Following interest from companies like Spotify, the New York Stock Exchange last week received SEC approval to list companies on the Exchange even if they are not conducting an IPO. These direct listings, sometimes known as self-filings, already are permitted on the Nasdaq. The Exchange had filed their original request back in June. Following some back and forth with the SEC, the Exchange amended their request several times, most recently in December.

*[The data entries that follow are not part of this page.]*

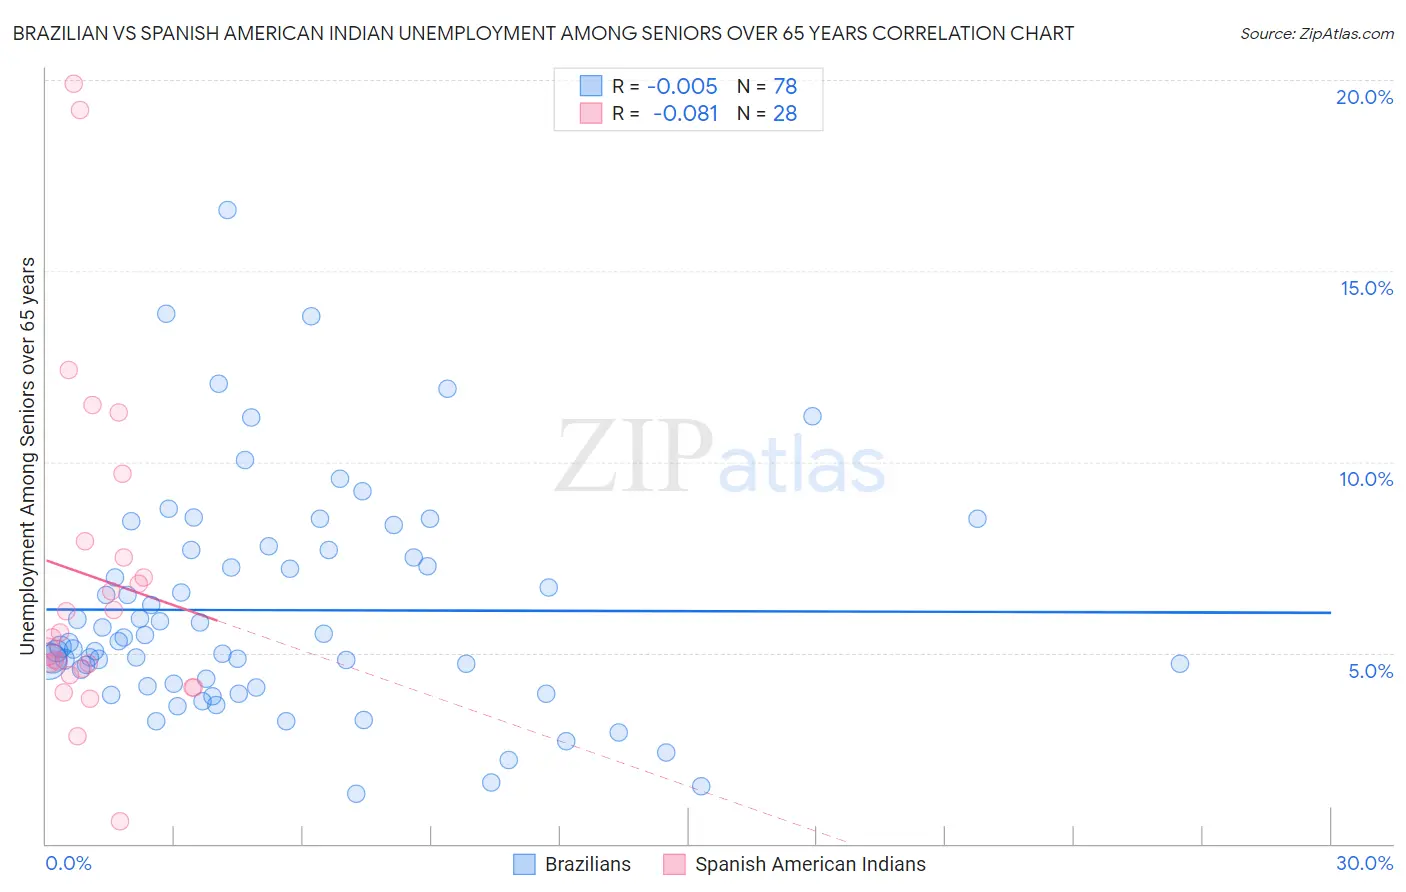 Brazilian vs Spanish American Indian Unemployment Among Seniors over 65 years
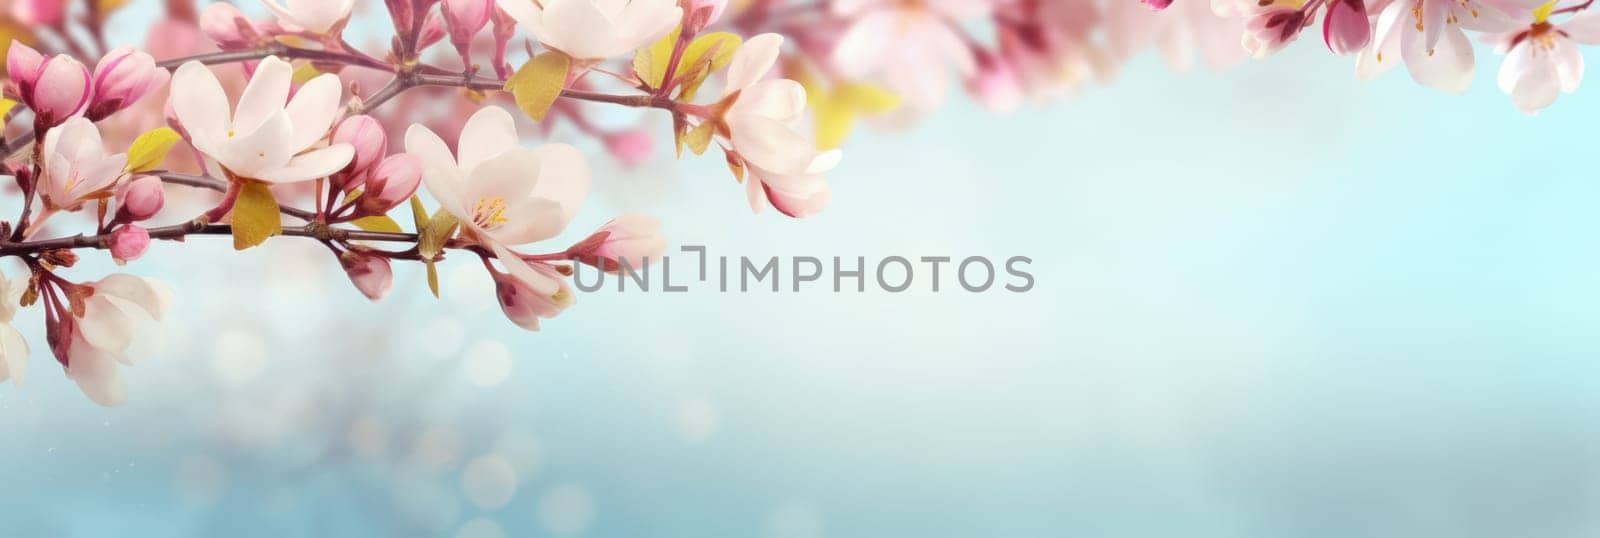 Cherry blossom flower blooming. Pink sakura flower background. Pink cherry blossom, isolated Sakura tree branch. For card, banner, invitation, social media post, poster, mobile apps, advertising. by Angelsmoon
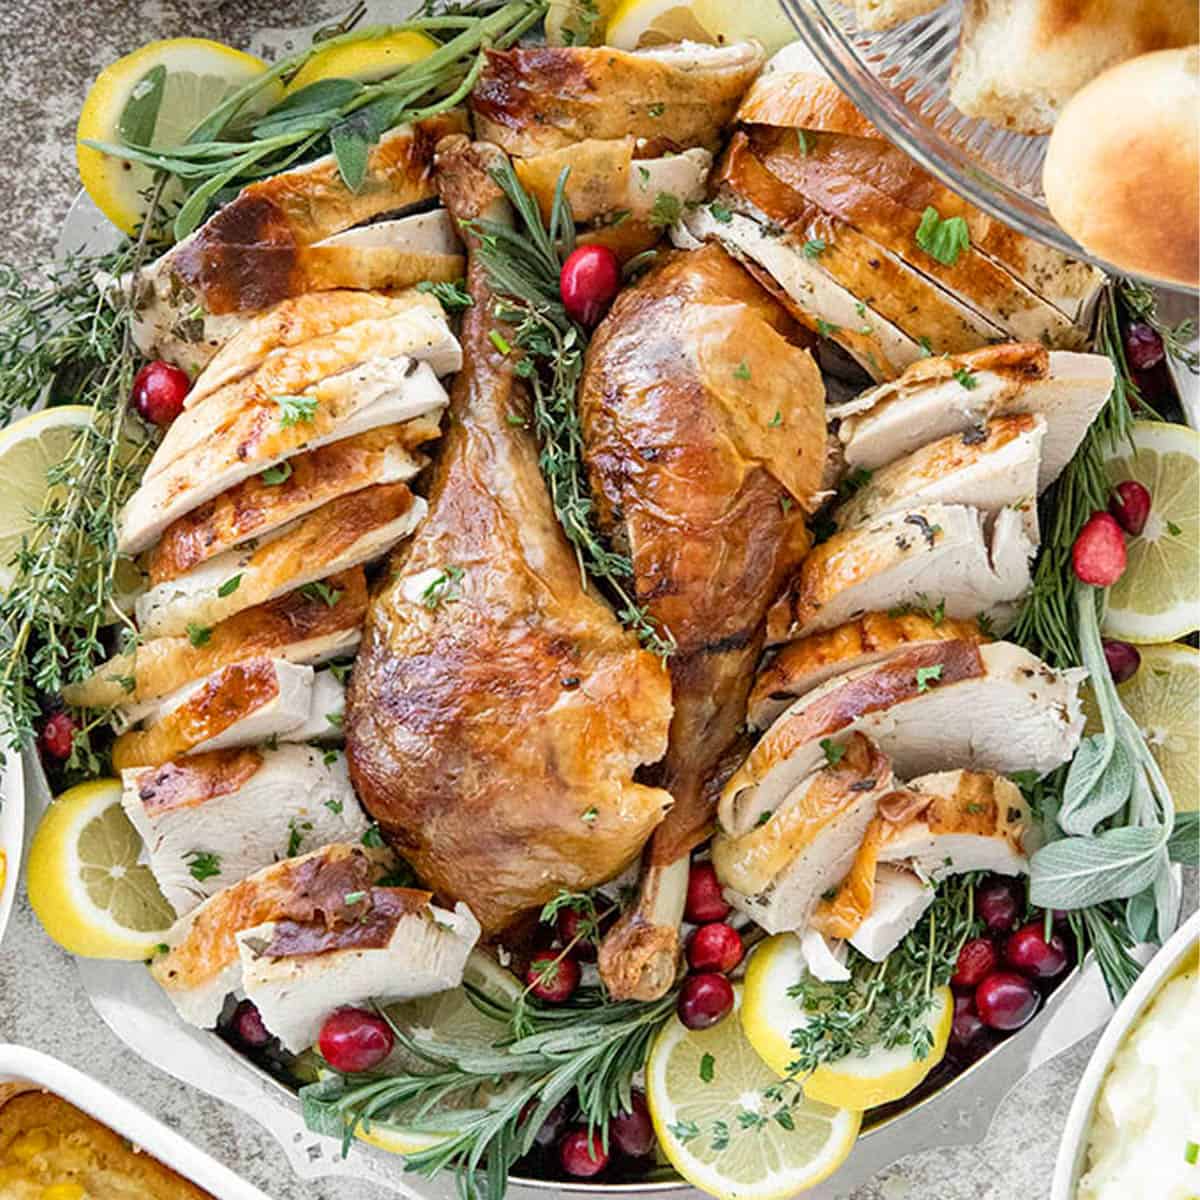 Roast Turkey In a Bag - Garnish & Glaze
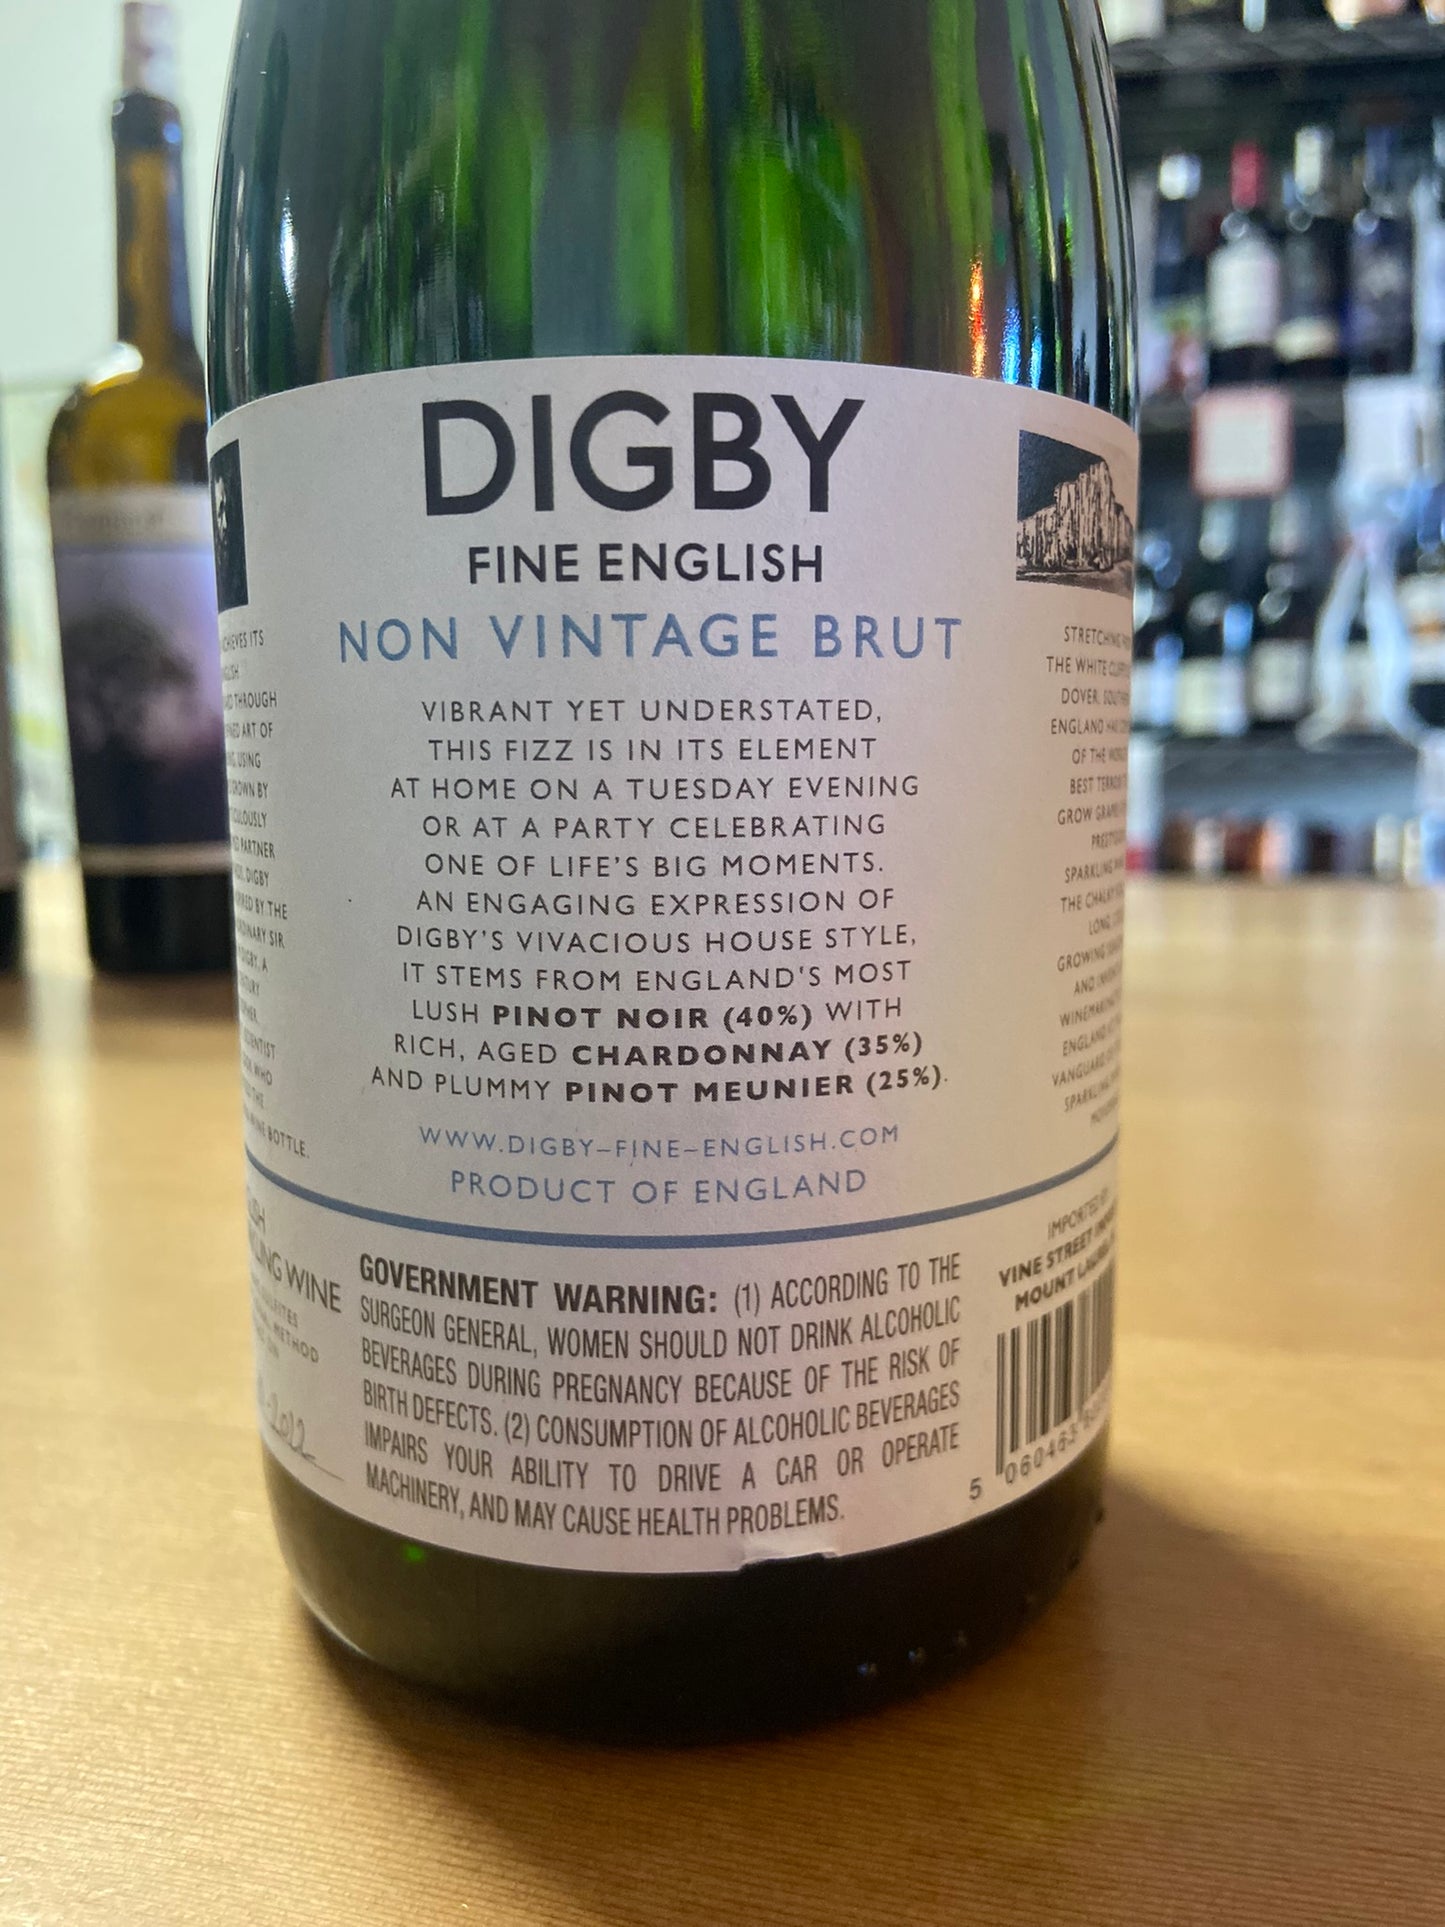 DIGBY FINE ENGLISH NV Brut Sparkling Wine (England)

Some companies, like Spotify, are flush with cash, and therefore do not need the additional dilution and costs associated with a full IPO. Yet they see the other benefits of a public trading stock, such as the ability to raise money in the future with greater ease, the opportunity to make acquisitions using stock as currency, incentivizing executives with stock options, and a path to liquidity for the company’s early investors and founders. Reports are that Spotify filed to become a public company on a confidential basis in late December. This may be part of the reason that the SEC has provided “accelerated approval” to the NYSE’s request.
The new rule requires that a company contemplating a direct listing obtain an independent third party valuation to ensure that the company meets the NYSE’s minimum aggregate market value requirements. Normally this is presumed by the value ascribed to an IPO. The value a company must show will be higher if it is based solely on the valuation and not also on trading prices on a trading system for privately held (unregistered) securities.
Who wins here? Valuation and CPA firms of course. The investment banking community? They could lose some otherwise tantalizing IPO possibilities but still might be enlisted as advisors in the process. Investors in private companies also win, by enhancing the number of arrows in the quiver of growing companies to determine the best financing and liquidity strategy to maximize shareholder value.